# A poor foot to start on.



## GTJester (Jun 5, 2011)

This is my first thread on these forums.
I wish I'd found them long ago, but I come here now out of desperation.

I have an 11 year old Golden named Buddy.
He's my puppy and I'm torn to pieces.

Recently I've been forced to move from the house he's lived in since he was born into a third story apartment. 
He's been with me to other people's houses and various events, so being away from home wasn't entirely new, but about a week after we moved in I think the reality that we weren't going back home set in.
Stemming from such I think he's developed a myriad of very heart breaking problems.
He's terrified of the stairs. When he did go up them it was very slowly and I allowed him as much time as he needed to go up and down them. Soon he simply gave up and I carry him up and down three flights. This I would attribute to something simple like old age/arthritis.

After this I've noticed a sever change in his bowel movements/eating habits.
He was barely eating, opting to eat my wife's cat's food rather than his. Shortly after that he'd given up on eating all together. I've been spoon-feeding him as much as I can, but he's very reluctant to eat in any decent amount. 

In addition to this, he's become extremely lethargic. Seeming incapable of moving. I try to coax him to stand up, which he's capable of once in a blue moon. When he does stand up for more than a minute at a time I notice his rear legs beginning to tremble and shake before he gives up and lays down.

His hips are very prominent, his skin seeming loose from drop in body weight. The decrease in mass is coupled by a swelling in his intestines. 

I've been to the vet he's gone to his entire life repeatedly in the last few weeks. The vet says it's just stress. I'm going to be going to a second vet in three days for a second opinion and I'd like some opinions on what questions to ask. Past experiences if any of you have seen this before. Thoughts on what it might be. 

It may be my inability to deal with seeing my dog like this that's made me angry at my old vet and what seems to be her inattentiveness. I want more attention. I want definitive answers. I want something that's curable. My heart's breaking and I want some relief. 

I'm reaching out at every angle in what seems to be a sinking ship. 
I feel like my inability to keep my dog's old home has put the nail in his coffin and it's killing me.

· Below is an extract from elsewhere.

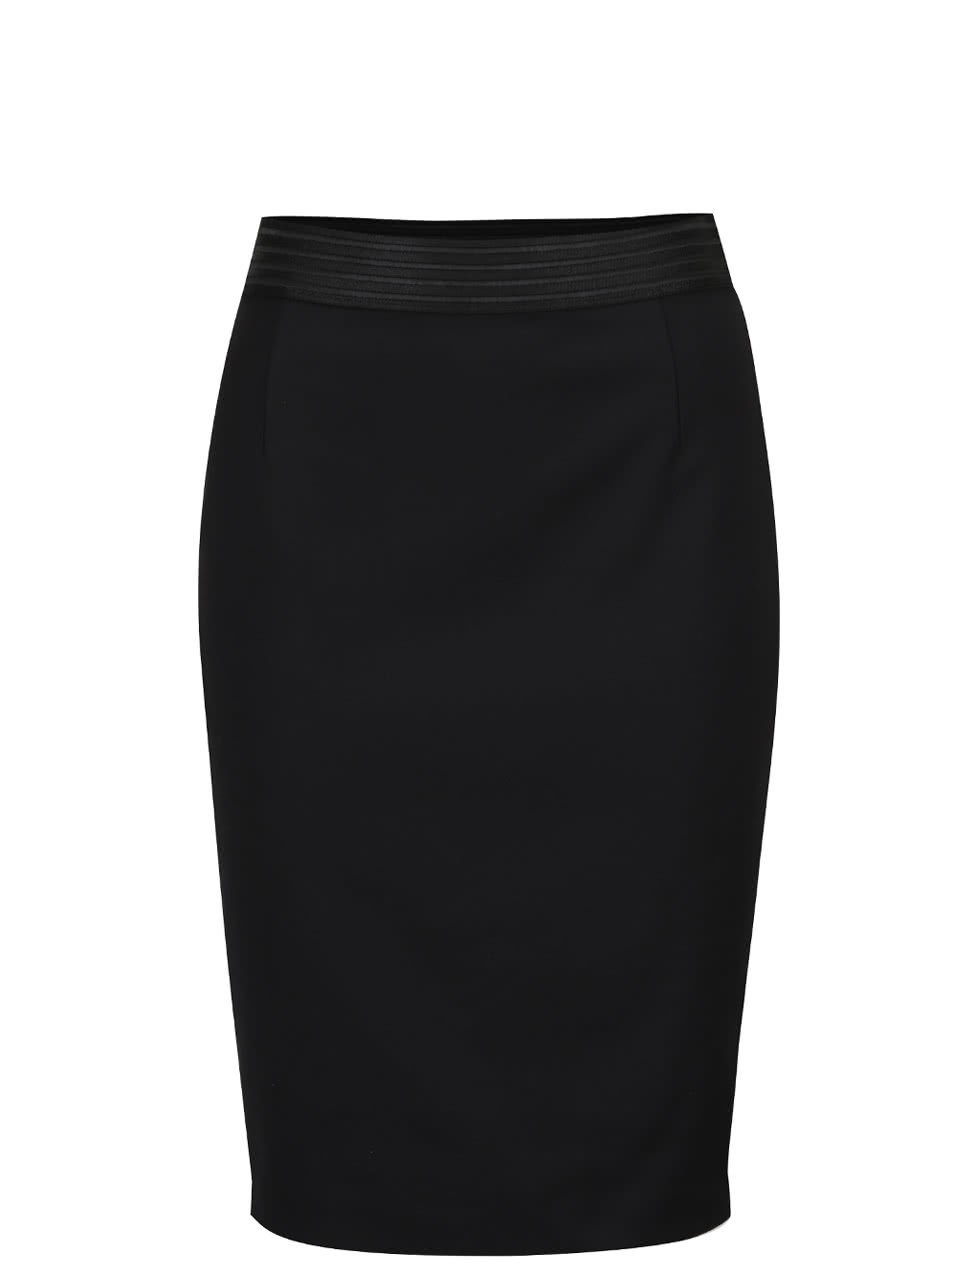 Černá sukně s výraznou gumou v pase French Connection glass
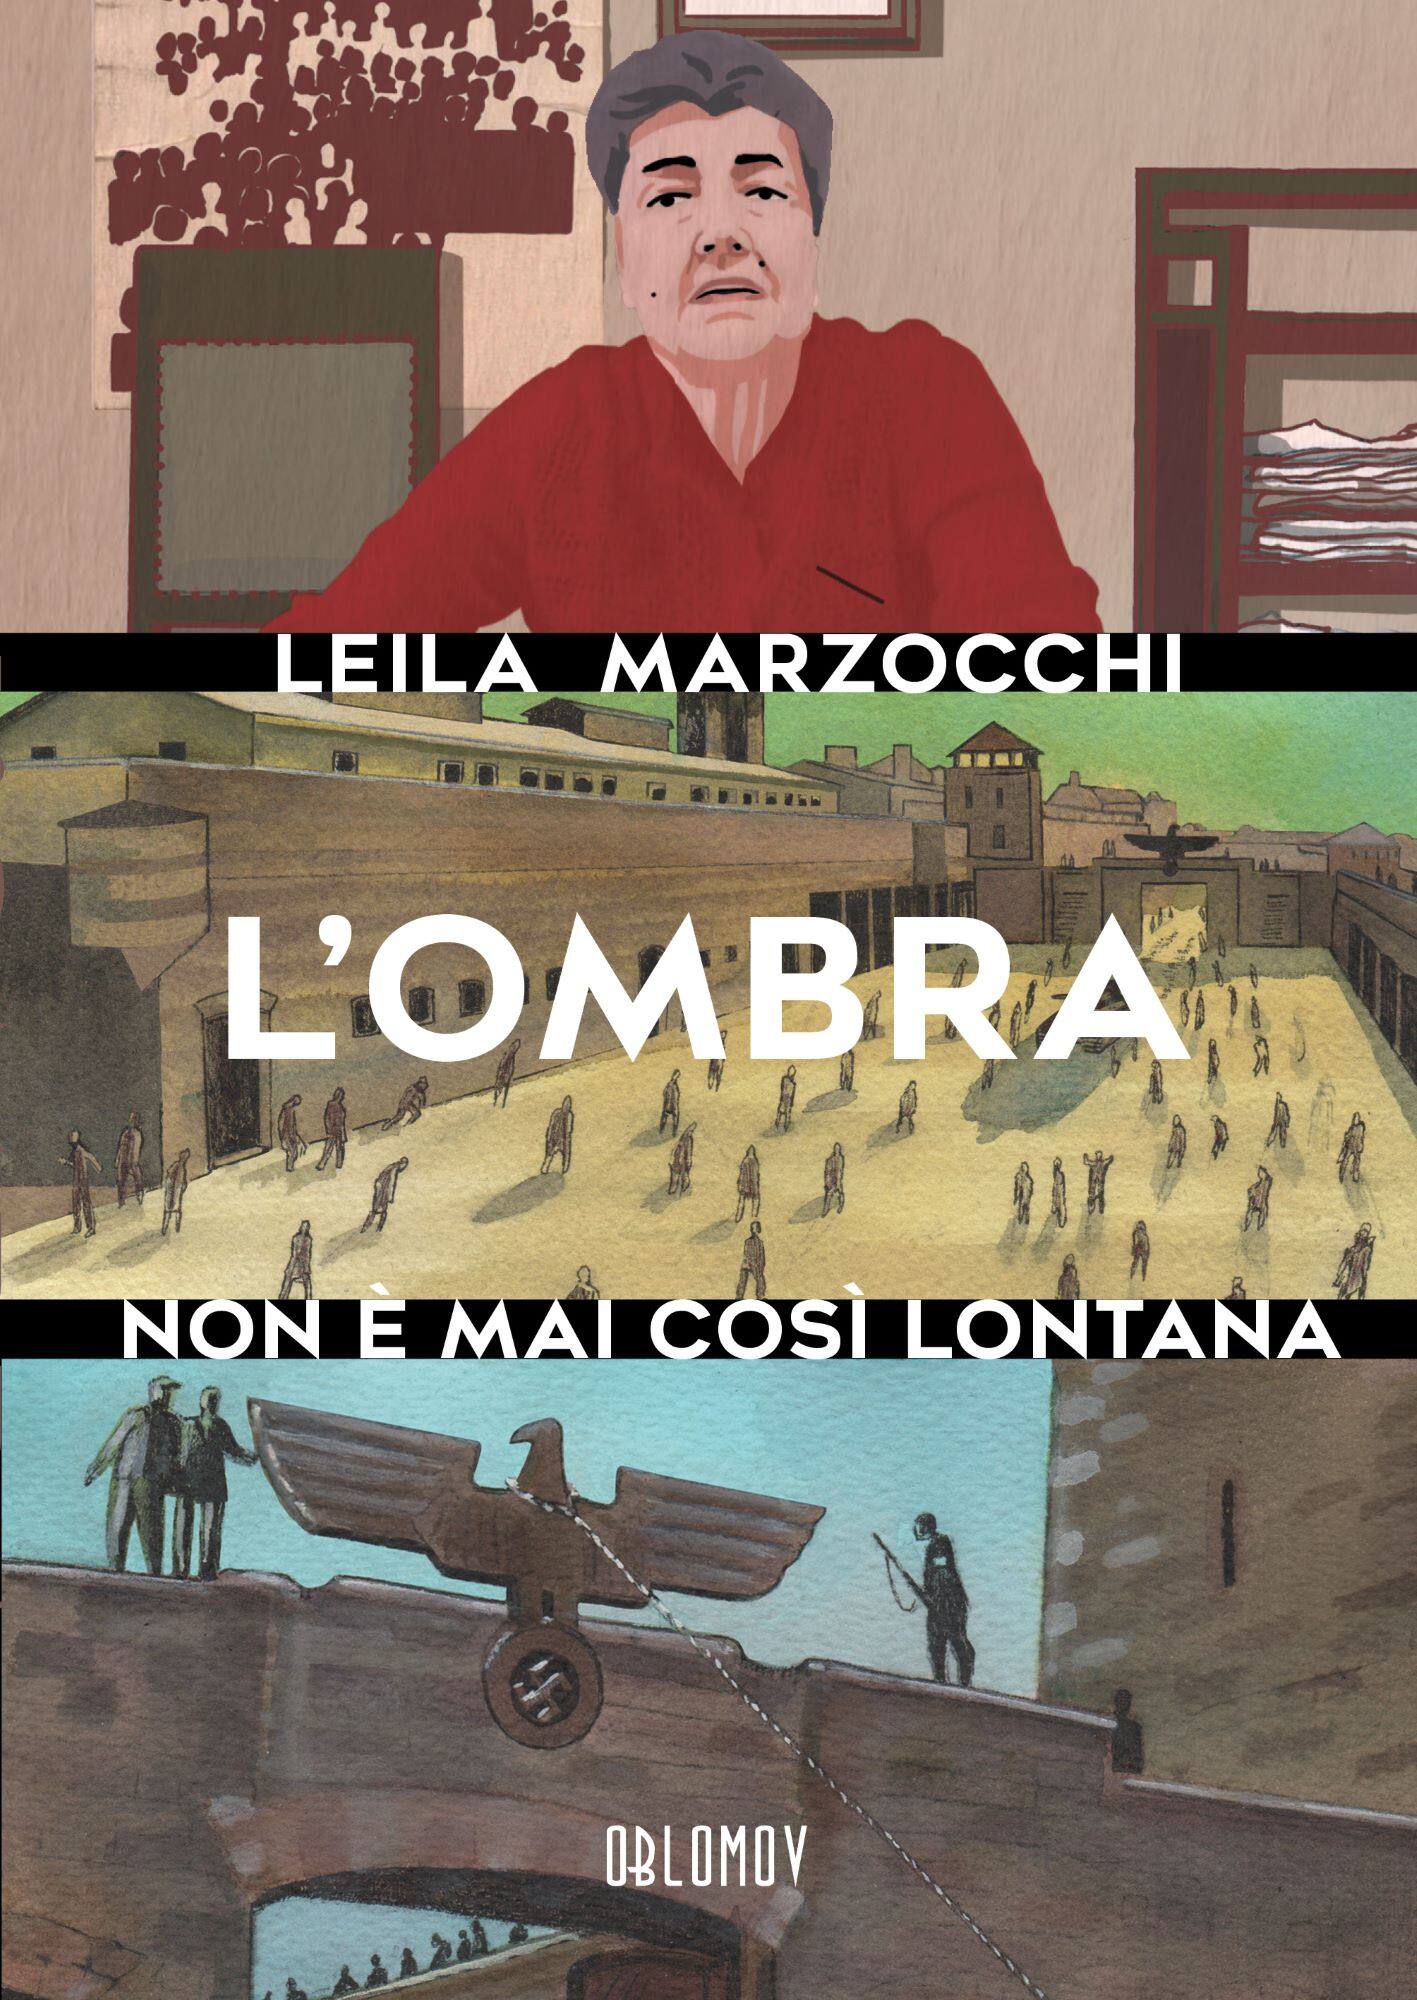 Leila Marzocchi, L'ombra non è mai così lontana, Oblomov, 184 pagine a colori, 20 euro

This is a horrible way to start talking to you all.
I wish I could be introducing myself and my dog in a light that's pleasant. 
I can't do it right now. All I can hope for is that this is a simple problem he'll get over with love and patience.

*edit*
I'm viewing stickies and I apologize if I'm repeating something I'm going to find in the forums eventually. I'm just desperate.
*End edit*


----------



## Penny & Maggie's Mom (Oct 4, 2007)

Don't feel bad about posting your worry about your Buddy. You've found a community that loves their dogs immensely and can relate to your worry and sadness. First off, I'm glad you're getting a second opinion. I, too, would think this is extreme for just stress. I would make notes to take along to your appt, detailing the changes that have taken place both in your living situation and Buddy. I would want a good physical exam, complete lab work ( complete thyroid panel too?) and, if warranted, xrays and a sonogram. To simply dismiss his issues as stress would not fly with me either. Please keep us posted.... we'll be sending prayers for you and Buddy.


----------



## hotel4dogs (Sep 29, 2008)

Hi and welcome. I'm sorry you've found us under such sad circumstances.
I would certainly want a very thorough vet exam, including blood work and probably an xray to be sure that there's nothing going on with him. Also have his vision checked, that might account for his fear of the stairs. 
That said, stress can do strange things to dogs. The most common is that they refuse to eat. Here at the pet hotel a lot of dogs won't eat for 3 or 4 days if they haven't been here before.
Also, the more worried you get, the more he feels your stress, and it becomes a vicious circle.
I hope you are able to find some answers. Please keep us posted.


----------



## iansgran (May 29, 2010)

I have no idea if this is stress related. Cats don't like to move, but dogs generally do fine, in my experience. Maybe try a new vet since so many of the symptoms sound like they could be age or illness related.


----------



## mylissyk (Feb 25, 2007)

You are right to get a second opinion. My very first thought reading your post is he may be having some pain while climbing the stairs, rather than being afraid, he knows it will hurt. I think that will be the root cause of his problems. A concerned vet can offer you pain medication, joint supplements, something to increase his appetite, and even something for the stress.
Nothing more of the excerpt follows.